Phenofhy helps you extract, process, and summarize OFH phenotype data inside the TRE, and also supports local testing on simulated data.

Prerequisites

You are running inside the OFH TRE with the dx toolkit available.
config.json is available in /mnt/project/helpers (Phenofhy uses it to resolve files).
If you have not uploaded Phenofhy to the TRE yet, see the Installation page.

For local testing, you can skip TRE prerequisites and start with simulated data (see Simulating data locally).

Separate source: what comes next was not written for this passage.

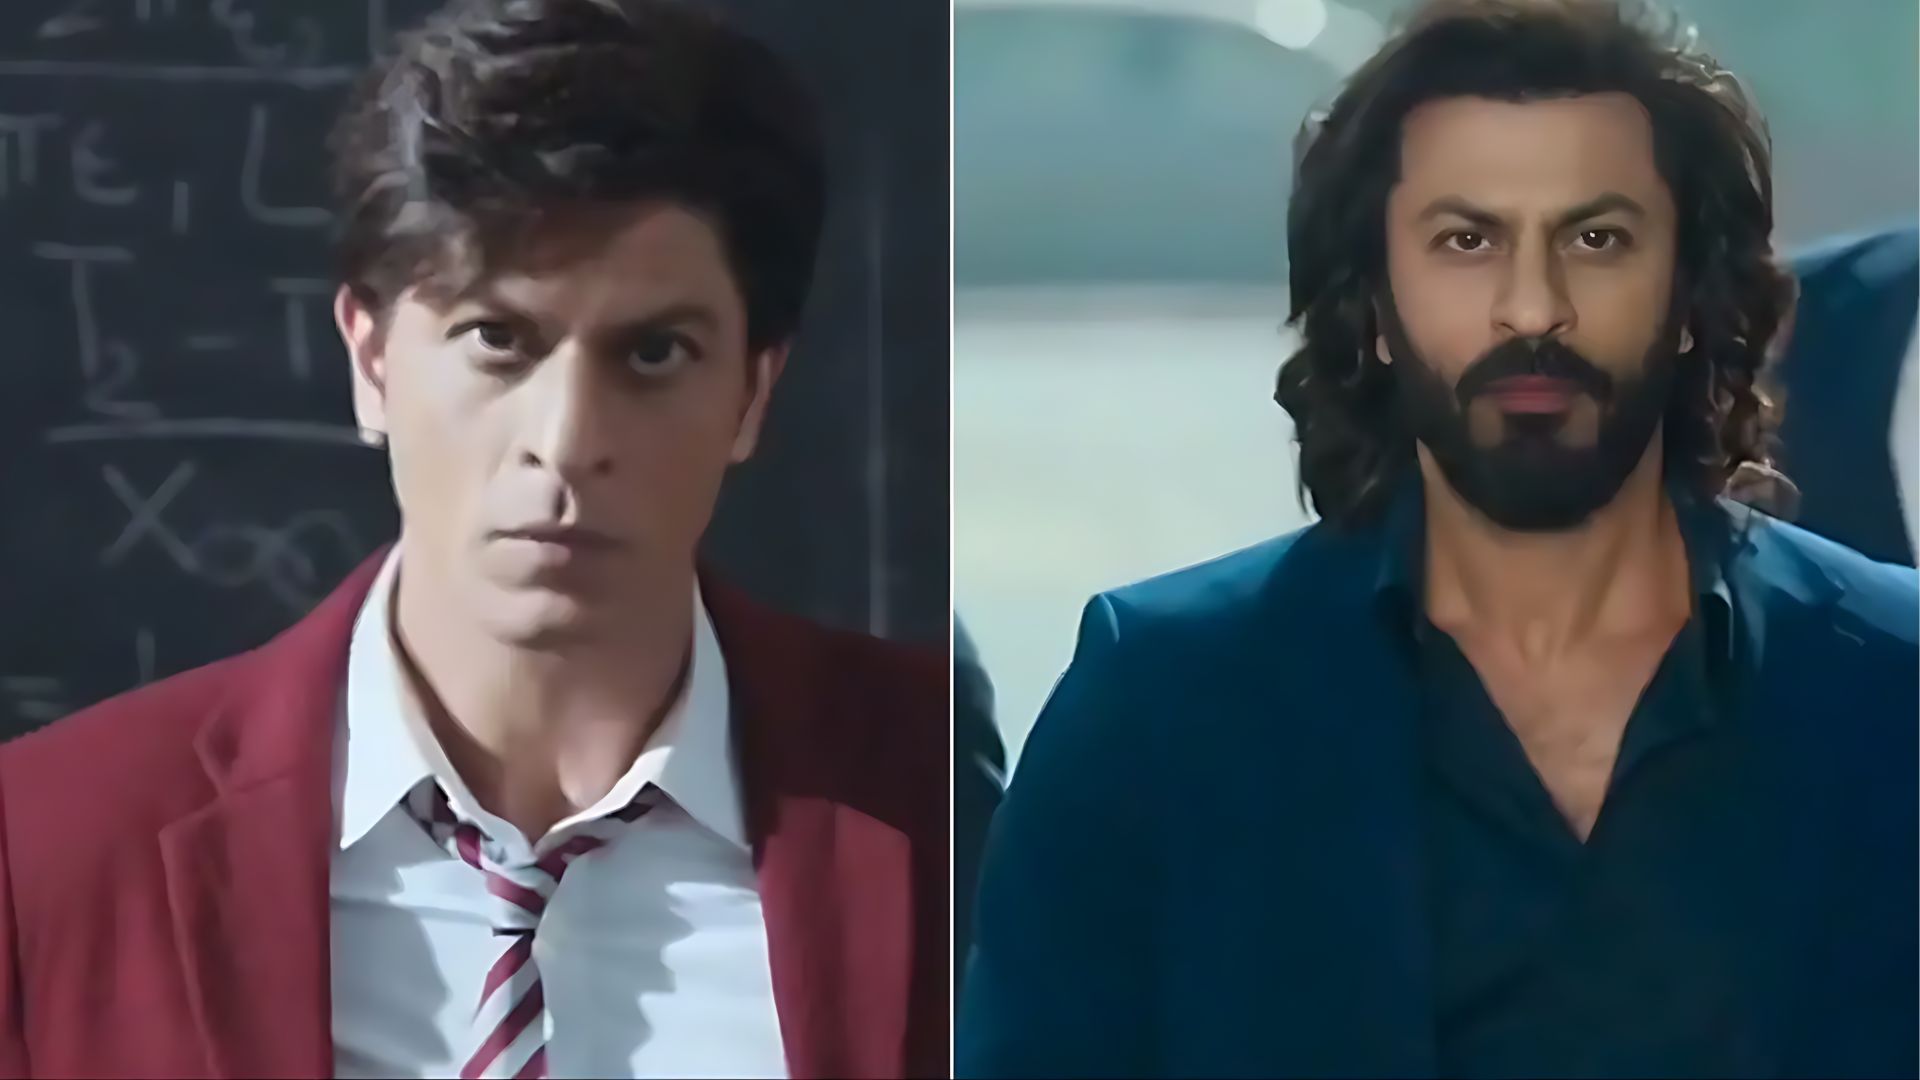 AI-Generated Video Imagines Shah Rukh Khan in ‘Animal’ Role, Sparks Fan Excitement

Download Phenofhy into your JupyterLab session

Before running the workflow, download the Phenofhy package into your JupyterLab Spark instance using dx. Replace project_name with your TRE project name:

python

!dx download "project_name:/applets/phenofhy/" -r

This assumes Phenofhy was uploaded under the applets folder and contains the beta source code (i.e., Python modules).

Minimal workflow

python

from phenofhy import extract, process, calculate, profile, utils

# 1) Extract a small set of fields
extract.fields(
    output_file="outputs/raw/phenos.csv",
    fields=[
        "participant.registration_year",
        "participant.registration_month",
        "participant.birth_year",
        "participant.birth_month",
        "participant.demog_sex_2_1",
        "questionnaire.smoke_status_2_1",
    ],
)

# 2) Process participant data (derives age, sex, age_group)
df = process.participant_fields("outputs/raw/phenos.csv")

# 3) Summaries
summary = calculate.summary(
    df,
    traits=["derived.age_at_registration", "derived.sex"],
    stratify="derived.sex",
)

# 4) Profile report
report = profile.phenotype_profile(
    df,
    phenotype="derived.age_at_registration",
    output="outputs/reports/age_profile.pdf",
)

# 5) Upload your results
report = utils.upload_files(
   files="outputs/reports/age_profile.pdf",
   dx_target="results"
)

Next steps

Use calculate.prevalence() for prevalence tables.
Use icd.match_icd_traits() to match ICD codes to traits.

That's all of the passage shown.